Interleague play finally winds down in Major League Baseball this weekend, ending the most bizarre setup in all of sports.
After 13 years of the stuff, MLB still is missing the boat.
I am not anti-interleague, nor do I love it. I just think it is time to get it right.
I don’t think it is fair that the Reds have had to play their in-state foes, the Cleveland Indians, twice per season while their NL Central counterparts, the St. Louis Cardinals, get to square off against Kansas City six times per year.
Once again, though, Bud Selig and the powers that be make decisions based on dollars and cents and not necessarily what is right for the game.
There are fans that sit on both side of the fence. I have come up with a plan that not only satisfies all sides of this issue, but will bring much-needed balance to the MLB schedule.
Here it goes.
For starters, let’s get the leagues balanced out. Instead of having 16 teams in the National League and 14 in the American League, let’s move the Milwaukee Brewers back to the AL where they belong.
Why does the NL Central have six teams fighting for a playoff spot, but only four clubs have to battle it out in the AL West to get to the postseason?
Furthermore, 16 teams contend for four overall playoff spots in the NL, while in the AL, only 14 teams have to compete for the same number of playoff positions.
My plan starts with some realignment:
The NL stays pretty much the same, with only the Brewers leaving.
The AL gets a bit more interesting. The Brewers slide into the AL Central while the Royals move to AL West.
Now that we have the leagues balanced, the next part of plan is a must. There will no longer be a stretch of interleague play, rather interleague games all season long. In order to have 15 teams in each league, there would have to be at least one interleague matchup at all times.
Does it really matter when these match-ups happen anyway?
Natural rivals like the Mets-Yankees, Cubs-White Sox, and the aforementioned Reds-Indians and Cardinals-Royals series would still go down annually, just not guaranteed twice per year every season.
Instead, MLB would go the route the NFL goes and rotate matchups annually.
For example, in 2010 the NL Central could start by being matched up against the AL West, with every team inside each division playing each other in one three-game series for a total of 15 games.
The next season, the NL Central could play the AL East, and then in 2012, square off against the AL Central.
In addition to playing the 15 set interleague games, natural rivals would meet in a three-game series, rotating homefield advantage. In years where they already played each other in the regular rotation, the teams would meet twice, once at each team’s location.
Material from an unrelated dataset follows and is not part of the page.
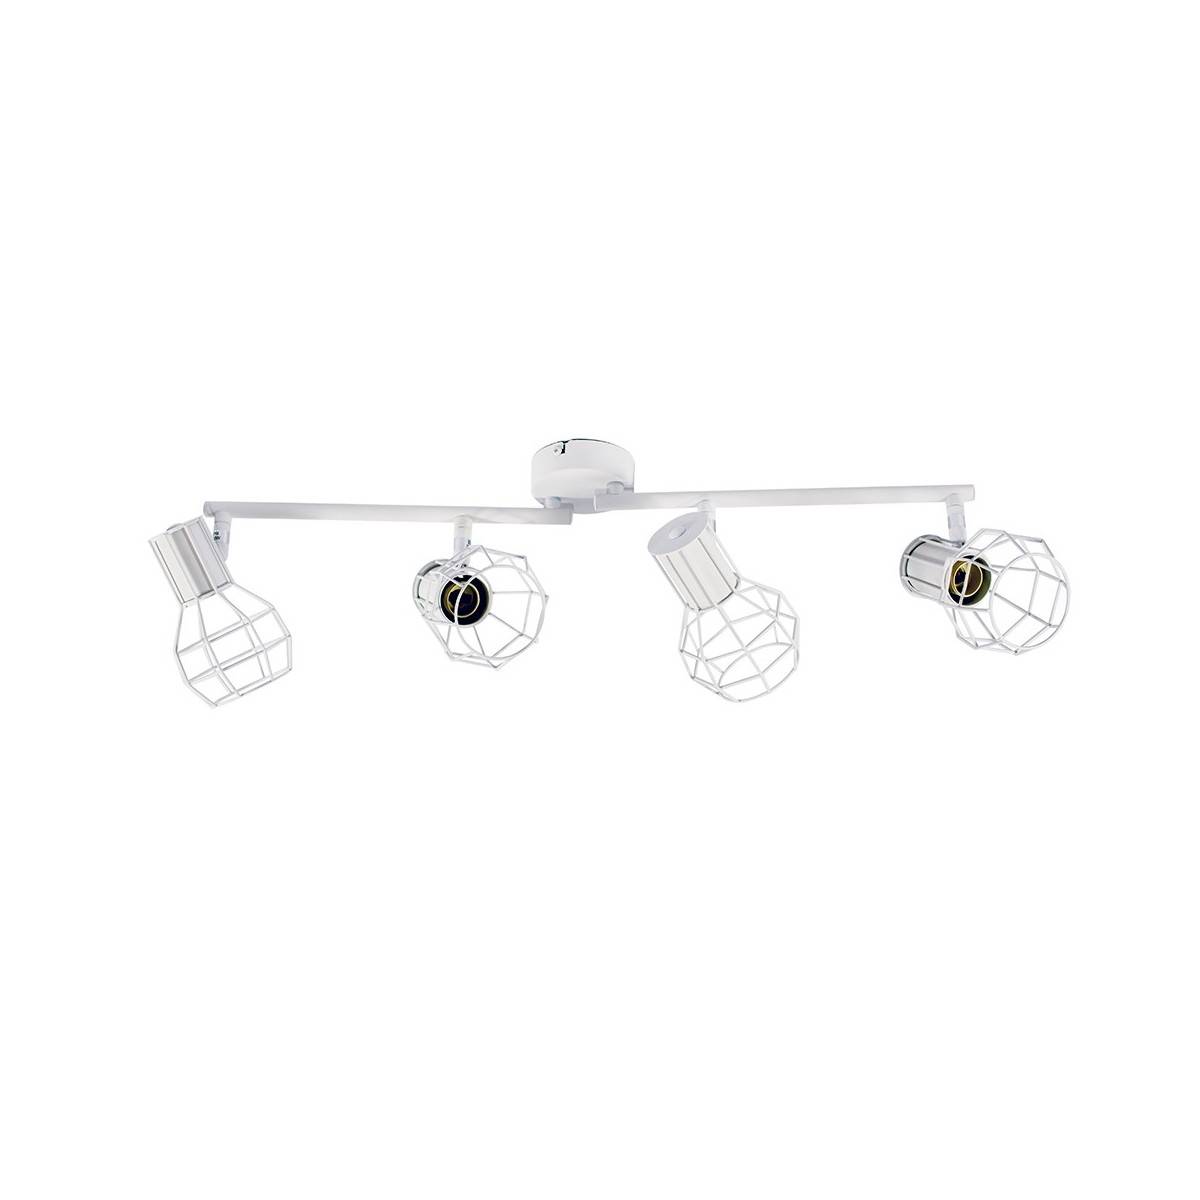 Cage ceiling lamp AZOR 4 points E14

Teams that lack a natural rival would be placed into a pool of teams and have a random matchup selected based off how long it has been since teams have met. It’s not perfect, but it a compromise.
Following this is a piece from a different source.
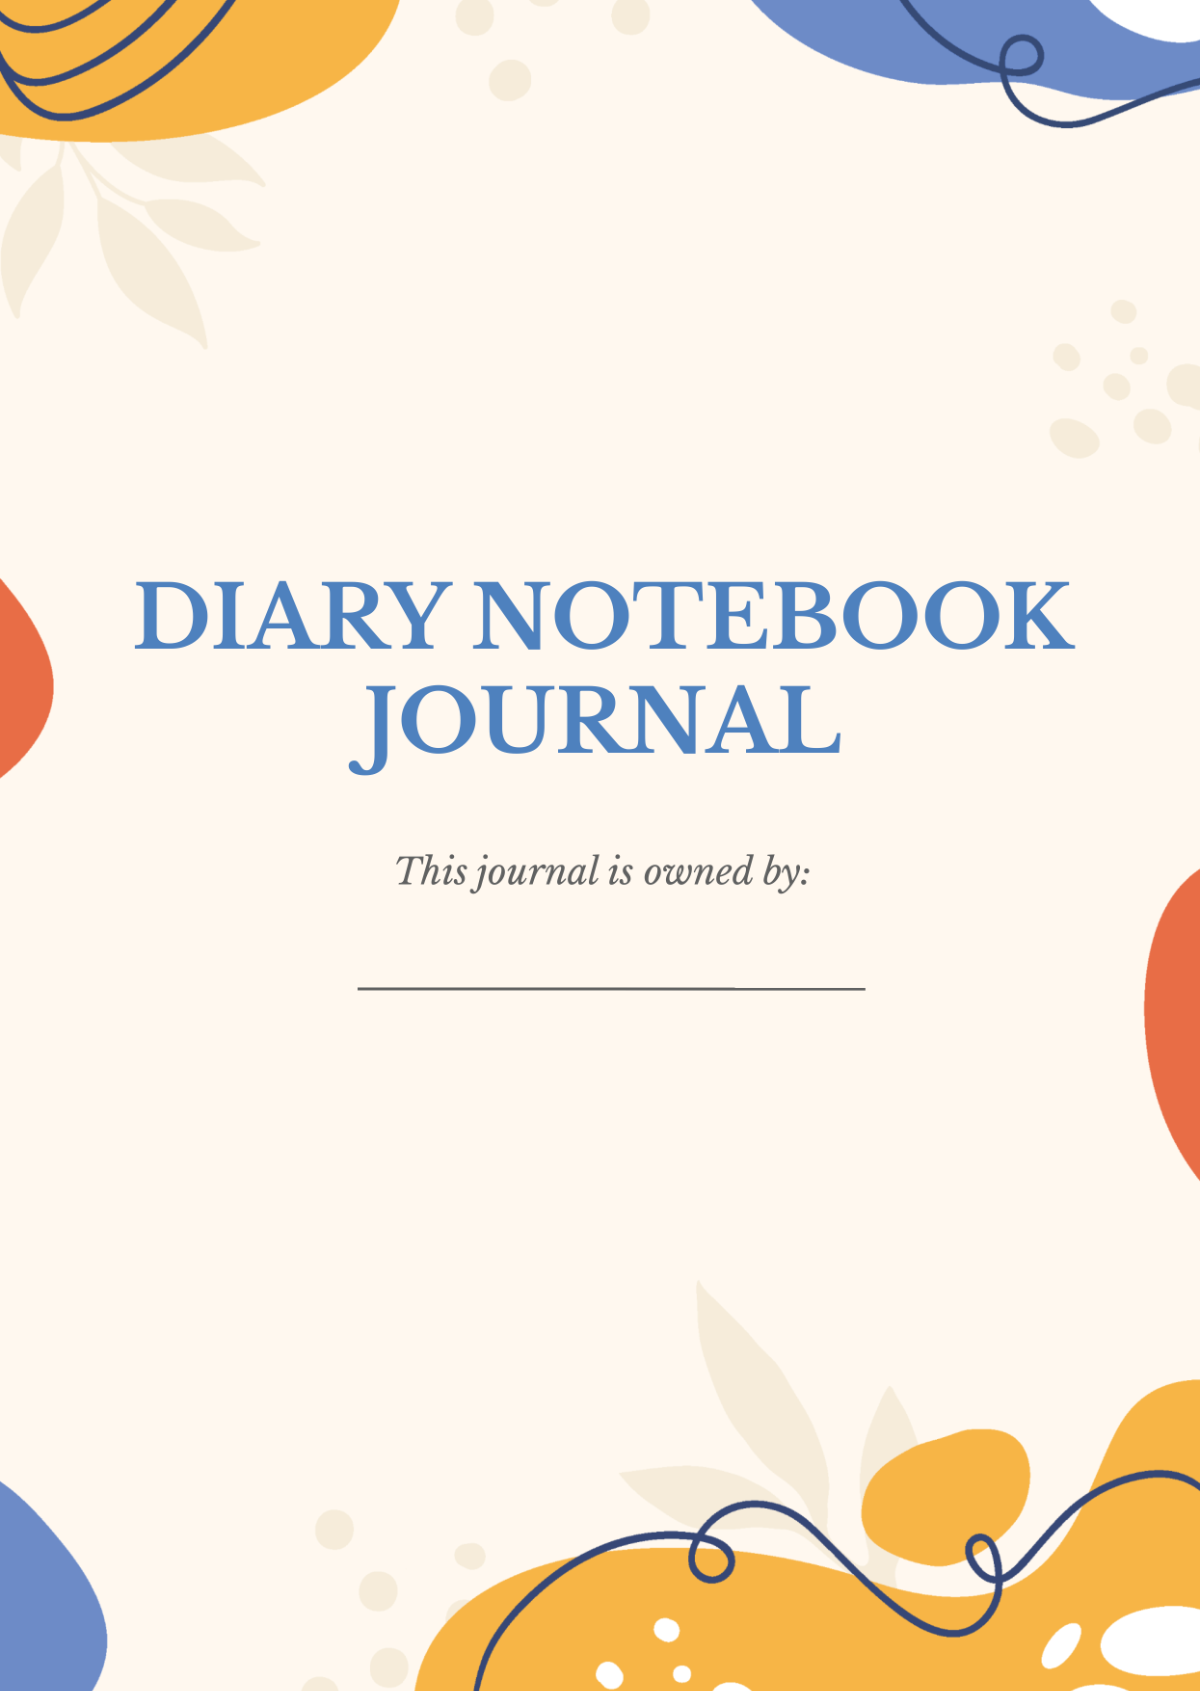 Diary Notebook Journals Template

This could also give MLB a chance to play some games internationally by taking teams without a natural rival in other league and create a series out of it.
So, with 18 games of the 162-game schedule figured out and interleague play resolved, let’s examine how the rest of the schedule will work.
Each team will play 12 games against the other four teams in their division (six at home; six on the road). That translates into 48 division games, or roughly 30 percent of the team’s schedule.
The key here is that every team plays every other team in the division the same amount of times at home and away.
That leaves 96 games to play against the teams within the league from the other divisions. There are 10 total teams outside of the division in each league. By rotating the home field advantage annually, these teams would square off a total of nine times. Six games at home and three on the road this year means three games at home and six on the road next year.
The other six games would be based off of order of finish the previous season. For example, the team that finished last in the NL Central (usually the Pirates), would get three extra games against the last place finishers from the NL West and NL East respectively.
My system is not perfect, but it is far better than anything Bud Selig has come up with, and I don’t make $18 million per year.